El caramelo mágico.

Caramelos de amor

"La acción es el fruto propio del conocimiento"(Thomas Fuller). 

     ¿Tú crees en la magia de un caramelo?...
     Todas las sustancias con acción dependiente, están vinculadas por un efecto al que podríamos llamar mágico. Nadie las experimenta igual, aunque los síntomas son muy parecidos. Pero al margen del azúcar, y el efecto que hace éste en nuestro organismo, te quiero contar hoy la magia que descubrí en la víspera de Reyes durante una de las primeras cabalgatas en mi ciudad.

     Era una niña por entonces, mi familia tenía un nivel económico privilegiado y era hija única. Recuerdo que la víspera de Reyes mi casa se convertía en una juguetería personal, mis padres tiraban la casa por la ventana y yo obtenía todo aquello que con tanta ilusión había pedido en mi carta a los Reyes Magos. Mi madre se quedaba en casa cuidando de mis abuelos y mi padre me sacaba a la cabalgata. A la vuelta, siempre era igual. Mi madre salía corriendo al encuentro diciendo que había dejado la puerta abierta, que no se había atrevido a asomarse no fuera a ser que los Reyes Magos y sus pajes se marcharan corriendo, mis abuelos acompañaban la historia apuntando su propia perspectiva de ella. Y aquella niña que fui, entraba en un trance de felicidad que sigue vivo en mi memoria cuando me recuerdo recortar corriendo la esquina del pasillo hacia mi habitación y cruzar el umbral de la puerta de aquel que era mi reino. Yo era de las que rompía los envoltorios gritando y lo abría todo a la vez. Pero esa era la segunda magia de la noche de Reyes. Mis padres nunca me hicieron dormir al volver de la cabalgata, ellos me dejaban reventar la noche disfrutando de toda aquella magia junta. Al cúmulo de juguetes, libros de lectura y material de papelería que eran mis cosas favoritas. Se unían bolsas y bolsas de chuchuerias de todas las marcas y virguerías que había por aquella época y hasta las novedades que casi nadie tenía Mi padre siempre se encargaba de que yo tuviera primero que el resto aquellos productos que anunciaba la televisión, cuando Internet y Amazon todavía no ayudaban a los papás a complacer a sus princesitas.

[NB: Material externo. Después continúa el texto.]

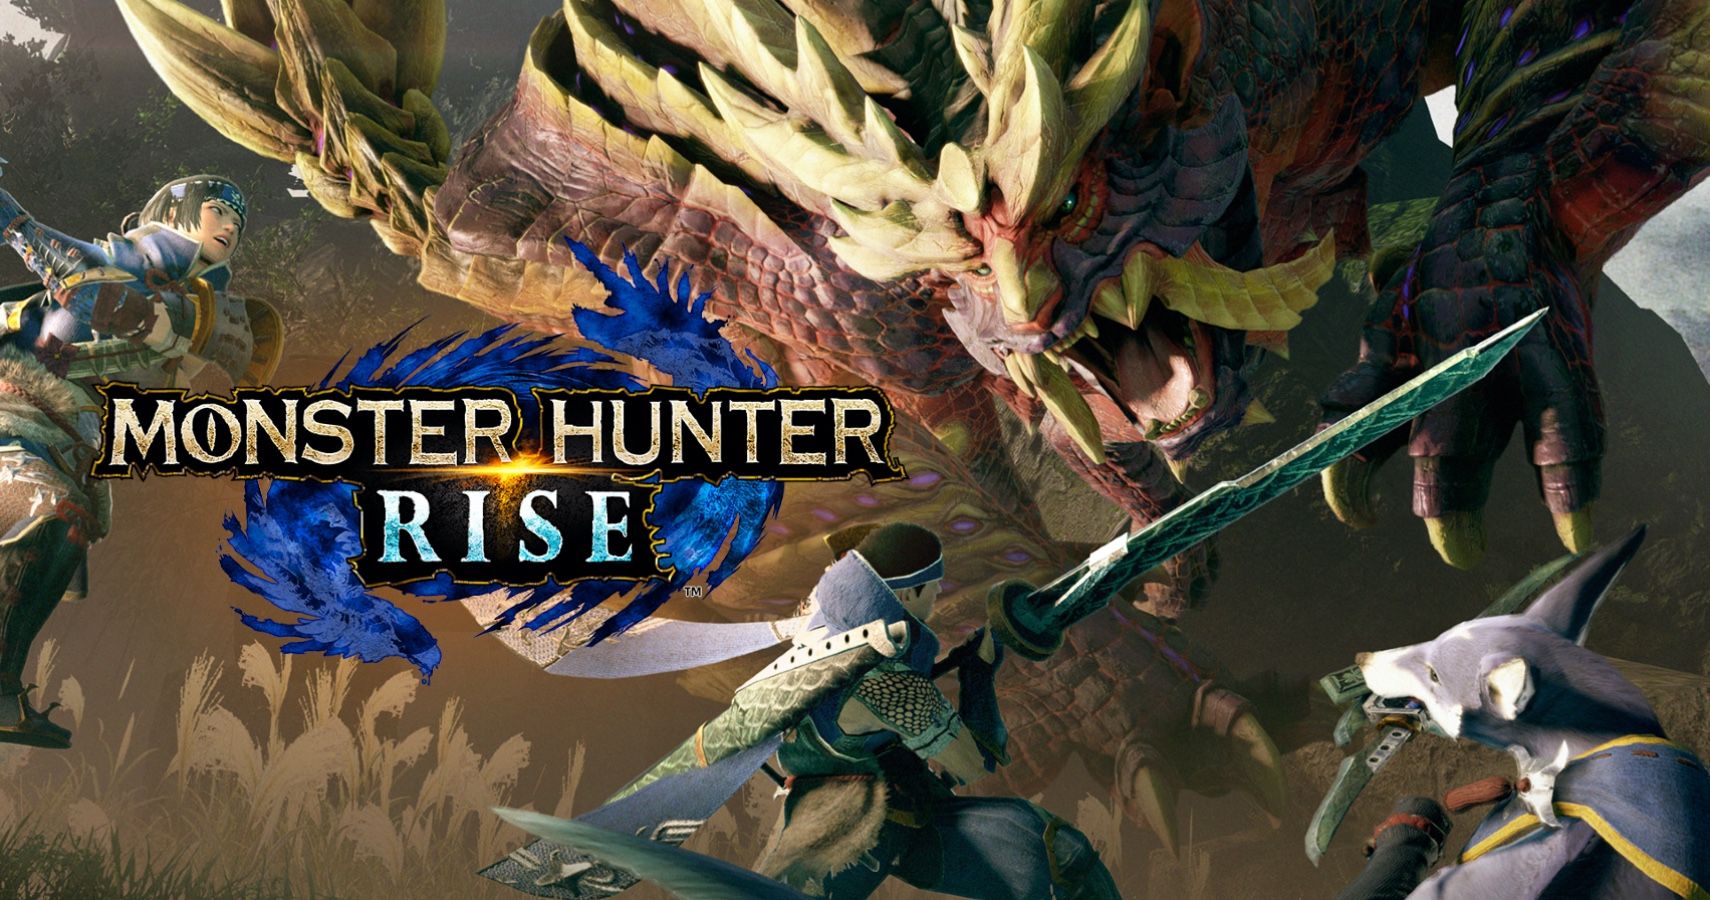 How to Unlock the New Monster Hunter Rise 2.0 Monsters - Hey Poor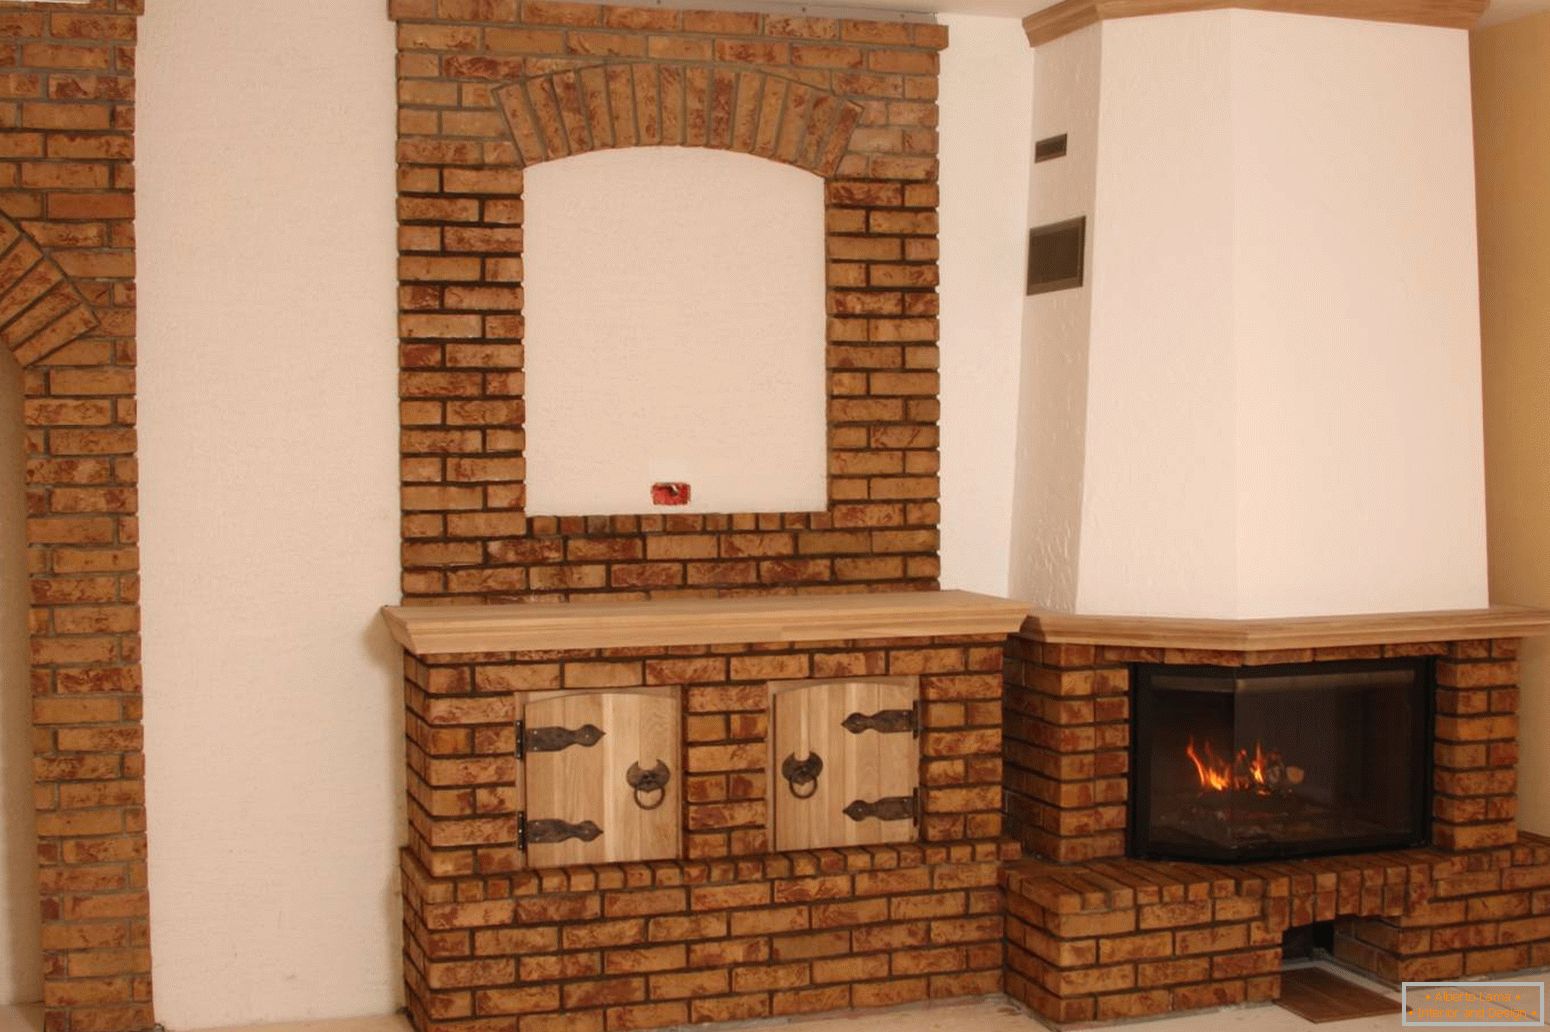 Electric fireplace in stone decoration in a cozy living room.

     Sin embargo la verdadera magia protagonista era la de un simple caramelo. Mi padre se metía un par de bolsas de plástico en los bolsillos de los vaqueros. Me parece verle tan fuerte, moreno y guapo, con aquella impresionante barba que ahora los hipster han vuelto a rescatar. Ese gesto de guardarse las bolsas, lo llevo a fuego en mi disco duro interno y el eco de mi madre repitiendo: "Juan, ten cuidado con la niña, como la pierdas o le pase algo, más te vale no volver" entonces mi madre, en el mismo escalón de la puerta, se dirigía a mi como última instancia y me decía: "neni, no pierdas de vista a tu padre". Yo tenía todos los caramelos y chuches que cualquier niño pudiera desear probar escondidos en algún lugar de nuestra casa. Esperando que nos marchásemos para  que mamá empezara a decorar y organizar mi dormitorio. Pero allí estaba mi padre, a la caza, con su mirada de niño grande prendida en la cara y la sonrisa del mejor padre, el que durante unas horas se iba a comportar como un niño a mi lado.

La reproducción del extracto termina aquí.